The first reason this matters is survival. Every product hits a trough where nothing is working. Users aren’t growing. The feature you shipped didn’t move the needle. Pink’s research is unambiguous. Purpose-driven motivation outlasts reward-driven motivation under sustained difficulty. If your motivation is “the market opportunity is large,” you will quit during the trough. If your motivation is “I got a phone call that told me I wasn’t good enough because of how I sound, and I know millions of others got the same call,” you will not quit.
It also calibrates your intuition. When you are the user, you make a thousand micro-decisions correctly without needing data. Kahneman’s work on expert intuition shows it develops in environments with clear feedback loops and repeated practice. This is exactly what founders get when building for their own problem. You know which feedback to give first because you know what would have helped you.
Finally, your story becomes your moat. In a market that’s about to get crowded, and the AI communication space will get crowded, the company with the founder who lived the problem will always sound different from the company that identified an opportunity. Users can tell.
When I tell people what ExecReps does, I don’t start with features. I start with a phone call from a creative director who liked my work but not my voice. Every single time, something shifts in the conversation. They’ve had their version of that call too.
The Uncomfortable Part
I want to be honest about something. This is a building-in-public series, and I’d rather be uncomfortably honest than comfortably polished.

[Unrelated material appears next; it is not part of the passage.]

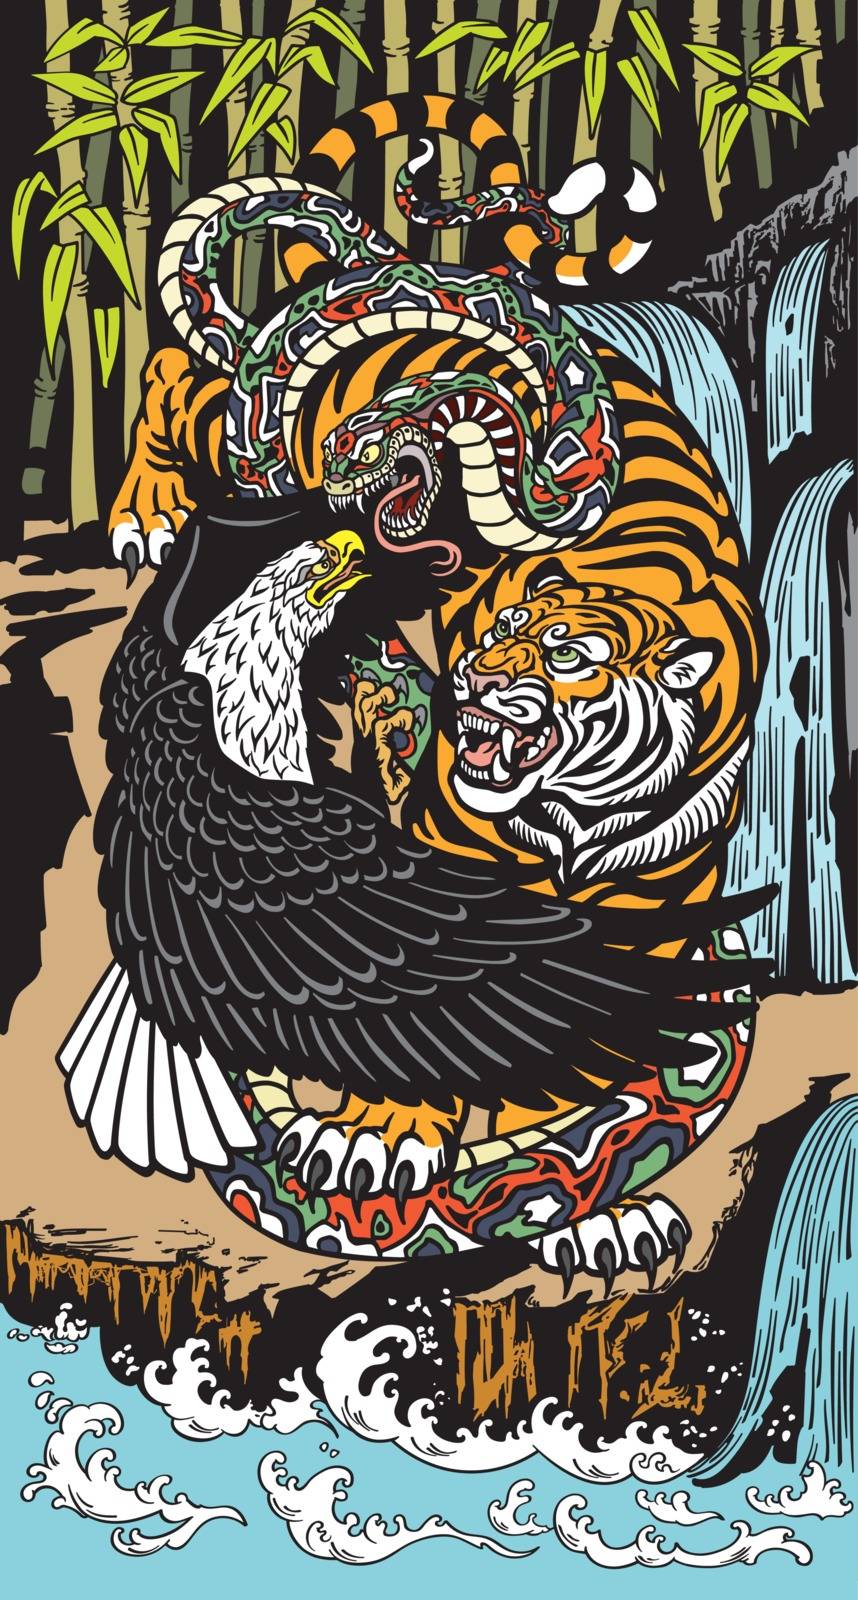 eagle tiger snake illustration by insima

When I shipped v0.1, I wasn’t sure it would work. Not the product. The idea. Previous voice coaching products had failed because they misjudged the Ability variable in Fogg’s equation. They asked users to do too much. Record a full presentation. Complete a 30-minute module. Invite colleagues to listen. The Motivation was there. The Prompt was there. Yet the Ability gap killed them.
My bet was that a three-minute solo workout with instant AI feedback was below the threshold where behavior happens. Not “I should do this” but “this is easy enough that I just did it.”

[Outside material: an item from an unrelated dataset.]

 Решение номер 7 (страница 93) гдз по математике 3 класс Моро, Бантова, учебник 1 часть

I didn’t know it would be different. I just knew I had to try. I’m still not sure we have the balance exactly right. I wonder whether we’re asking for too much, or even too little. We’re constantly tuning it.
There’s a version of my career where I keep running Product Coalition, keep advising startups, keep writing articles about product management frameworks. It’s a good career. Comfortable. Respected.
But there’s that phone call.
Every time I hear about a talented person who can’t get past the invisible communication filter, who gets the performance review that says “needs more executive presence” with no tools to develop it, I hear that creative director’s voice again. We can’t employ people who talk like you.
Fifteen years of building products taught me that the best time to start is before you’re ready. So on July 7th, 2025, I pressed deploy on something that was emphatically not ready. A foundation. A starting line. Voice recording, transcription, AI feedback, and a deeply personal bet that this problem was worth solving at scale.
What Comes Next
So this is the first post in a series. I’m not sure what the cadence will be, or even what the second post will cover. Maybe the tech stack. Maybe our first ten customers. The point is to do it in the open. I’ve spent years writing about how other people build products at Product Coalition. It feels right to turn the lens on myself.
I wanted to start here, at the very beginning, because the origin matters. It’s the thing I come back to.
It’s my simple filter for every hard decision. Does this feature serve the person who got that phone call? Does it make executive-level communication development accessible to someone who can’t afford $1,000 an hour? Does it help someone’s talent get heard rather than filtered?
If yes, we build it. If no, we don’t.
Fifteen years between a phone call and a deploy button. Let’s see what happens next.